Windstream said Verizon’s acquisition of XO will give the telco and other large ILECs a more favorable position in the Ethernet market, resulting in higher prices for wholesale customers.
While Windstream is increasingly expanding its own fiber networks to serve business customers, the service provider said in an FCC filing it still has to rent last mile facilities from ILECs like Verizon and AT&T to satisfy the needs of its business customer base, particularly in areas where it can’t make a business case to build out its own network facilities.
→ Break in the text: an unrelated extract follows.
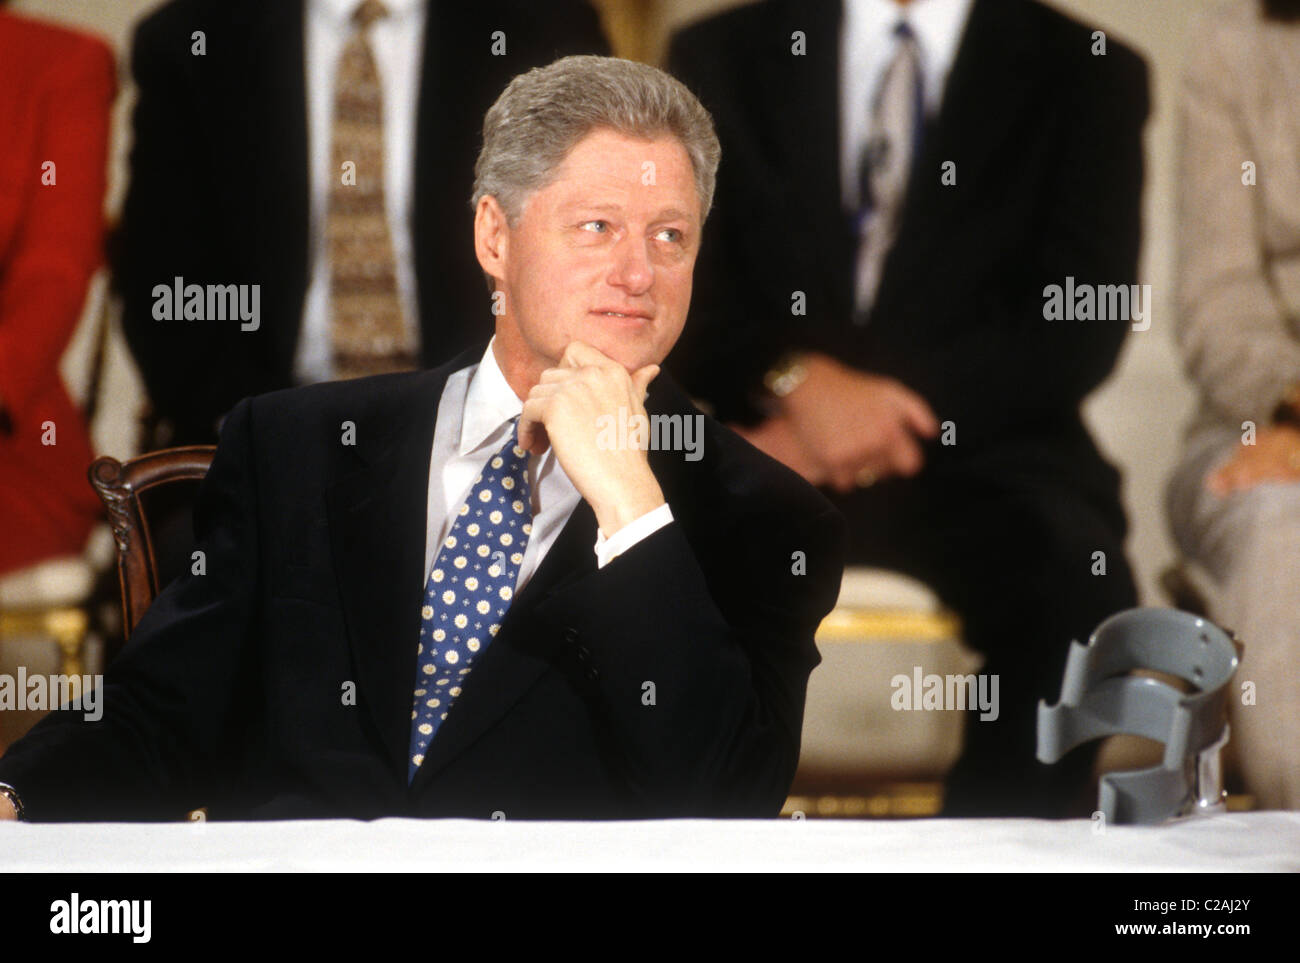 Le président Bill Clinton lors d'un événement à la Maison Blanche à Washington, DC. Banque D'Images
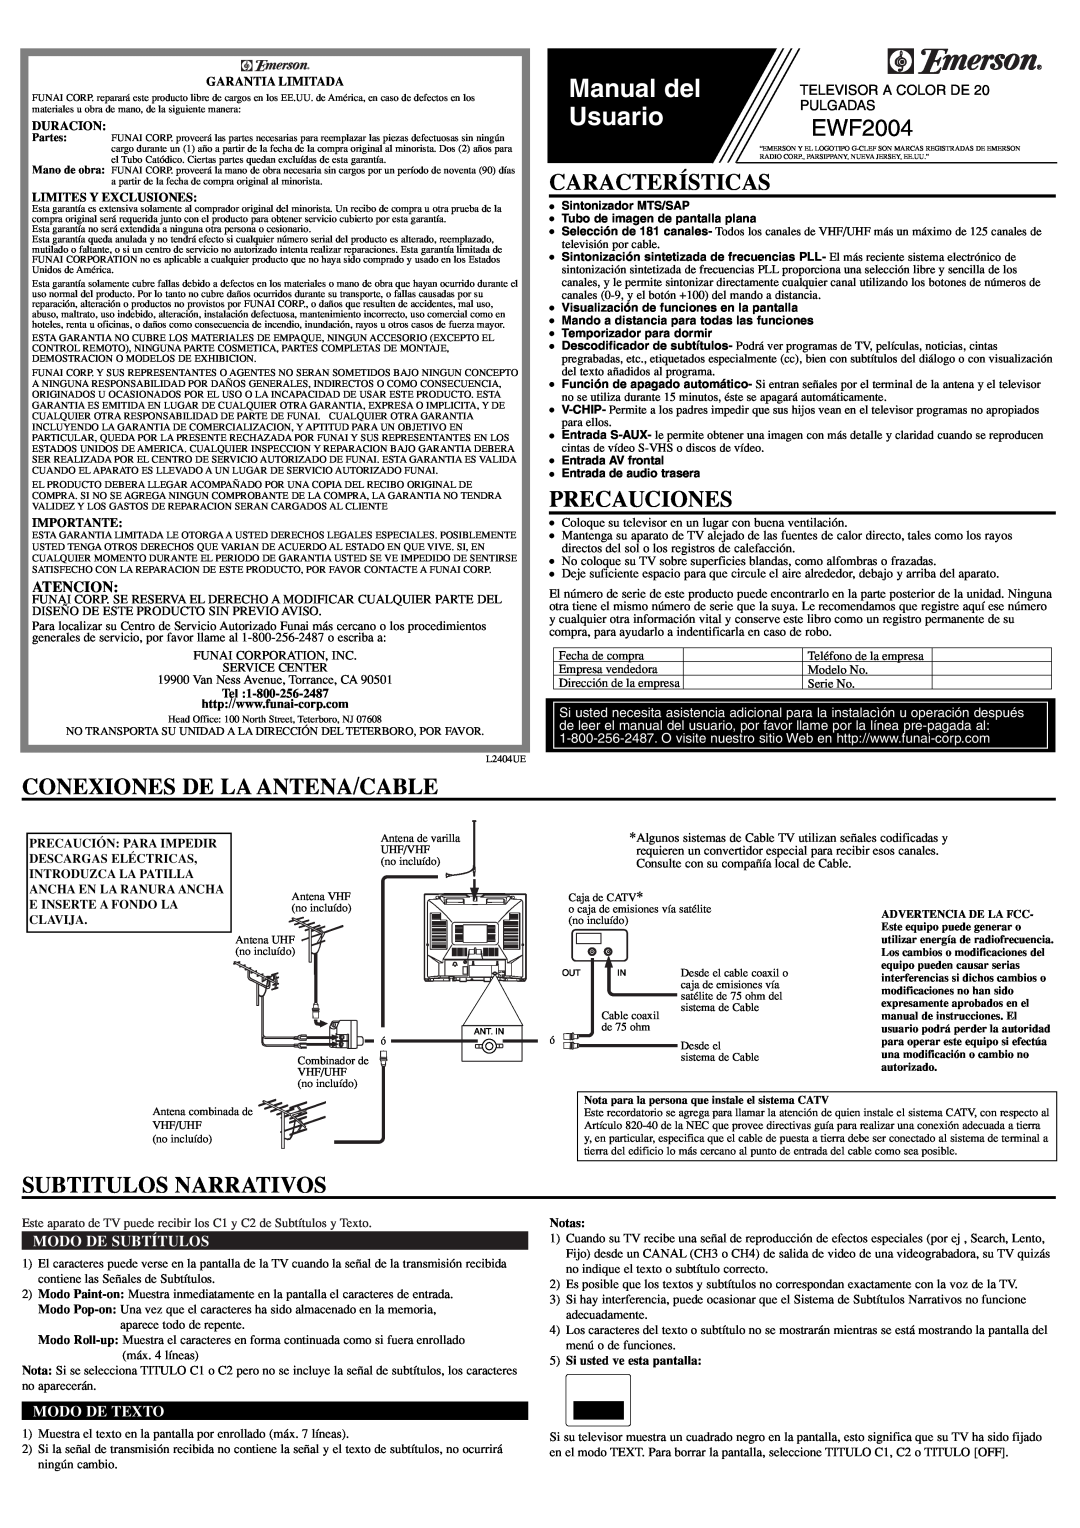 Emerson EWF2004 Características, Precauciones, Conexiones De La Antena/Cable, Subtitulos Narrativos, Atencion, Manual del

“The loss of an independent XO would increase ILEC dominance not only in Verizon’s territory, but also where XO currently provides a competitive alternative to AT&T,” Windstream said. “As the nation’s two largest ILECs and wireless carriers, AT&T and Verizon stand to benefit from engaging in coordinated behavior to limit competition for business data services in each carrier’s region."
Windstream said that it is fearful that it and other competitive providers will have to pay higher prices for wholesale Ethernet services after Verizon completes its purchase of XO.
“Without conditions requiring Verizon to continue to make XO’s best prices available, Windstream and other competitive providers will face a significant price increase following the acquisition,” Windstream said in the FCC filing. “XO’s wholesale rates are generally substantially lower than ILECs’, as well as cable and many CLECS’, rates for comparable services. Windstream currently purchases inputs from XO in many cases on a month-to-month basis, which means that Verizon could increase the rates on short notice as soon as the transaction closes.”
In tandem with potentially raising service prices, Windstream argued that Verizon would be able to increase its Ethernet special construction charges, something that XO does not impose today when it orders service.
“XO does not impose upfront special construction charges on Windstream, though it does pass through to Windstream special construction charges imposed by Verizon when Verizon is the underlying facilities owner,” Windstream said. “The Commission should take a stand against Verizon’s unnecessary and excessive special construction charges by, at a minimum, making clear that Verizon may impose special construction charges only when both of the following conditions are met: (1) existing facilities, even with routine maintenance and conditioning, do not have capacity available at or above the level requested by the CLEC and (2) the special construction charges do not address the costs of network delivery infrastructure that Verizon will use for its own operations.”
For its part, Verizon has maintained that the XO deal will not hinder competition for Windstream or other CLECs. The telco said that the pending XO acquisition will enhance the services it provides to enterprise and wholesale customers.
In a previous FCC filing, Verizon said that it "will honor existing contractual obligations to XO Communications' customers after closing."